Regular expressions, from here on referred to as REs, first became popular in UNIX text editing tools such as ed and sed back in the 1970s. Perl greatly extended the power of the sed implementation and and Perl REs have become the de facto standard to such an extent that other languages frequently describe their own RE implementations as "Perl compatible". Although Perl has done much to both popularise and extend REs, other languages, including JavaScript, now have good RE implementations of their own as do many relational databases such as Oracle, MySQL and PostgreSQL.

JavaScript's RE syntax and semantics were borrowed directly from Perl but some advanced Perl RE techniques are absent.  Google Apps Script implements JavaScript REs in full so client side RE examples can often be used in Google Apps Scripts and vice versa.

Incidentally, REs have been available in Excel VBA for some time (on Windows but not on Mac OS X) via a VBScript library that has to be loaded from Visual Basic Editor (Tools->References->Microsoft VBScript Regular Expression 5.5) . This fact is often over-looked by VBA developers.

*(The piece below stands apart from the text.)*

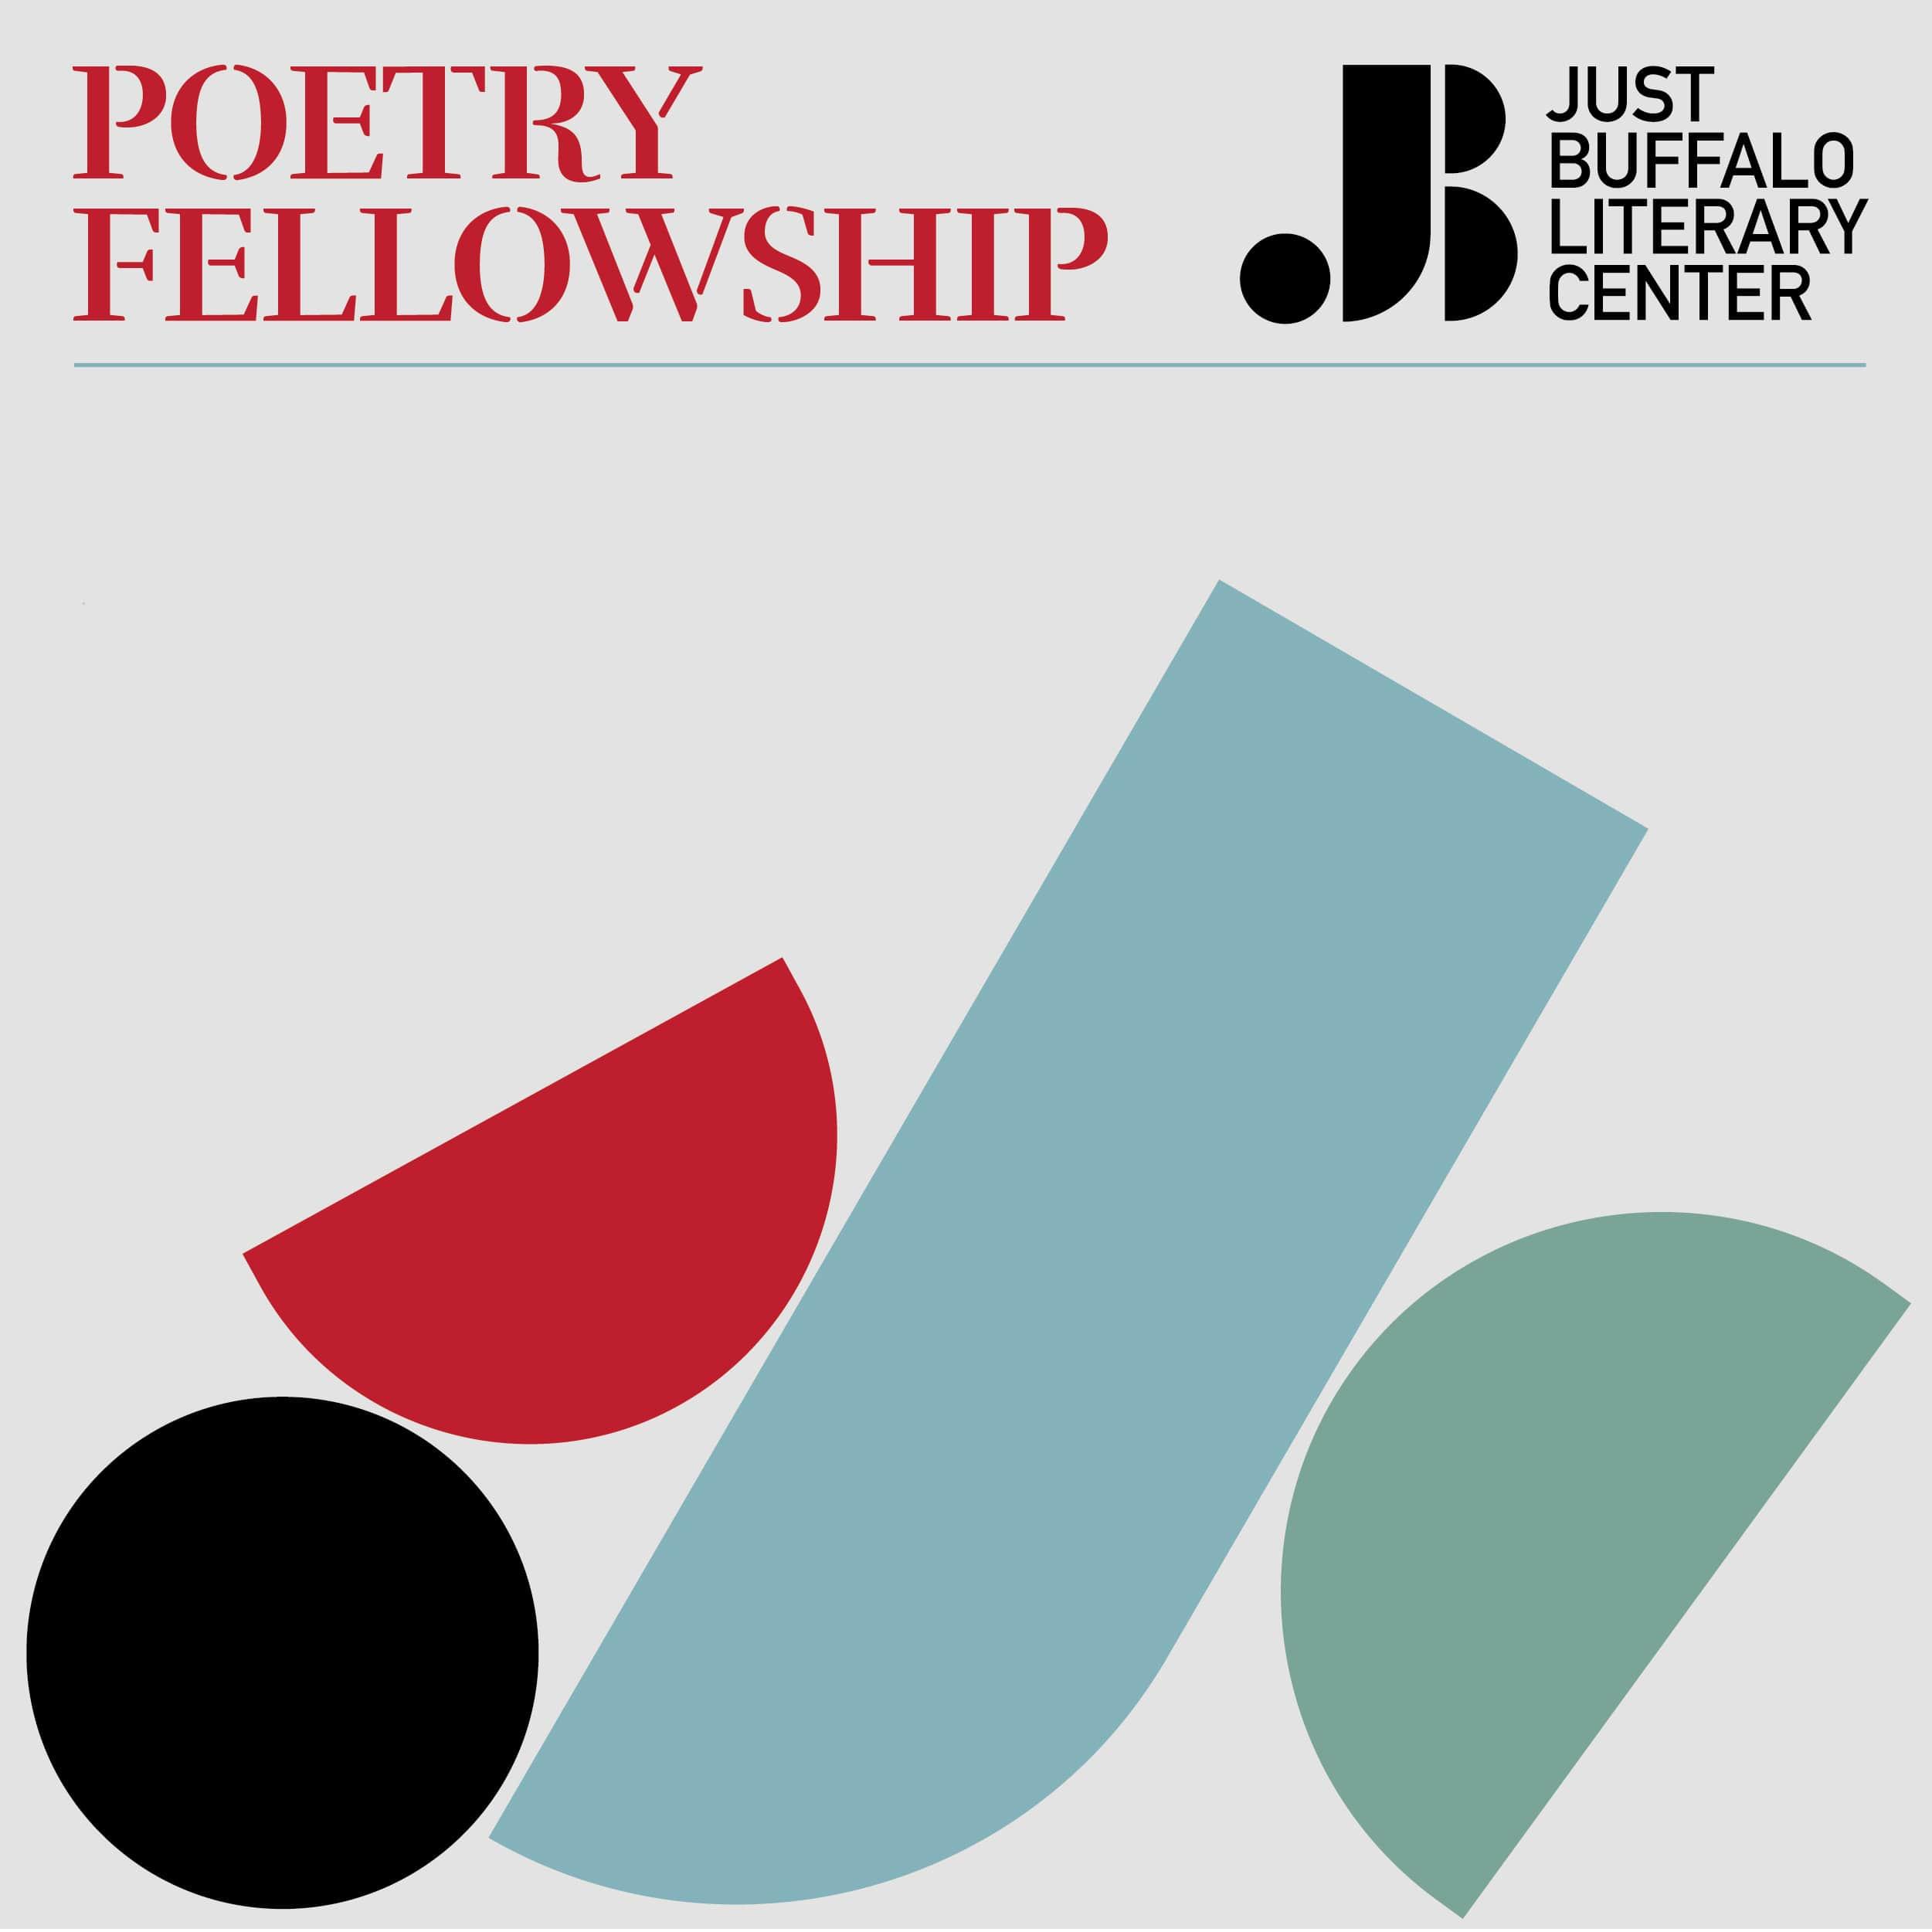 Poetry Fellowship

Google Spreadsheet Regular Expression Functions

Google Spreadsheets has an extensive range of built-in functions for text manipulation; The full list is here. Many of these are also found in Excel and in other spreadsheet applications but three RE-related ones are unique to Google Spreadsheets (to the best of my knowledge):

  1. REGEXMATCH
  2. REGEXEXTRACT
  3. REGEXREPLACE

These three functions provide a convenient starting point for introducing REs without having to jump straight into JavaScript.

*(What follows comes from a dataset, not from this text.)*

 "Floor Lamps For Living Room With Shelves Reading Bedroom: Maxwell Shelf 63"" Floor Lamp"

REGEXMATCH is the easiest of the three, so examples of its use are given first. It simply returns a Boolean value indicating if the given pattern is found in the input text.

Figure 1: Testing function REGEXMATCH with input and regular expressions.

Figure 1 above is a screenshot of a spreadsheet where the REGEXMATCH function was tested. Column A contains the test input, column B contains the result of formula given in column C. The question the formula was written to answer is stated in column C.

The REGEXMATCH function takes two arguments: The test text and the regular expression enclosed in double quotes. The test text can be either a cell value, the return text from another spreadsheet function, or a literal value. If it is a literal value then it too must be enclosed in double quotes.

Here is a very brief description of the REs given above:

  • The first, "\d", matches any digit (0-9). If the input contains at least one digit, it returns TRUE. The "\d" character combination is what is known as a character class abbreviation. The backslash is a metacharacter which essentially means that it signifies something other than its literal meaning. When it precedes a "d" in an RE the combination means a single instance of any digit. This can also be specified using a character class where it is specified as "[0-9]". This is an example of the redundancy in REs, there are frequently equivalent alternative ways of specifying patterns.
  • The second RE, "[^a-zA-Z0-9.\s]", is a more complex example. The objective here is to determine if the test text contains any character that is not a digit, period (dot), or an English alphabet letter. It uses the a fore-mentioned character class. This is a negated character class, its negated nature is conferred by the caret (^). The caret is another metacharacter but it is a metacharacter with different meaning depending on its context. When present as the first character in a character class (that is within [ and ]), it means a match will be found if some character not specified within the character class is found in the test string. The example here uses a character class range, "a-z" and "A-Z" mean any lower case or upper case letter, respectively. 0-9 means any digit and is equivalent to "\d". The period is another interesting character because inside a character class it represents itself but outside one, it means any character except a new line character. The examples that return TRUE for the test RE do so because they contain currency symbols. The "\s" within the character class is another example of a character class abbreviation and it represents the space character, tab, and new line.
  • The "^\d" RE returns TRUE when its test text begins with a digit. The caret symbol in this context is an anchor; It does not represent a character but rather a position, the equivalent for the end of the string is the dollar ($) symbol. The caret character has a dual role in REs, in the earlier example, when it is the first character within a character class it negates the meaning.
  • The RE "colou?r" matches an input string if it contains the string "color" or "colour". This could either be as a word or as part of a word such as "de-colouring" for example. The "?" is another metacharacter with multiple meanings. In this context, the immediately preceding character the "u" in this example is optional, is made optional by the "?".
  • The final RE, "^\d+$", returns TRUE only if the test text is an integer. The caret and dollar metacharacters are both anchors in this context meaning start and end of a the string, respectively. The TO_TEXT spreadsheet function is necessary to convert the numbers into text. There is no automatic coercion of numbers into text and the REGEXMATCH function expects text.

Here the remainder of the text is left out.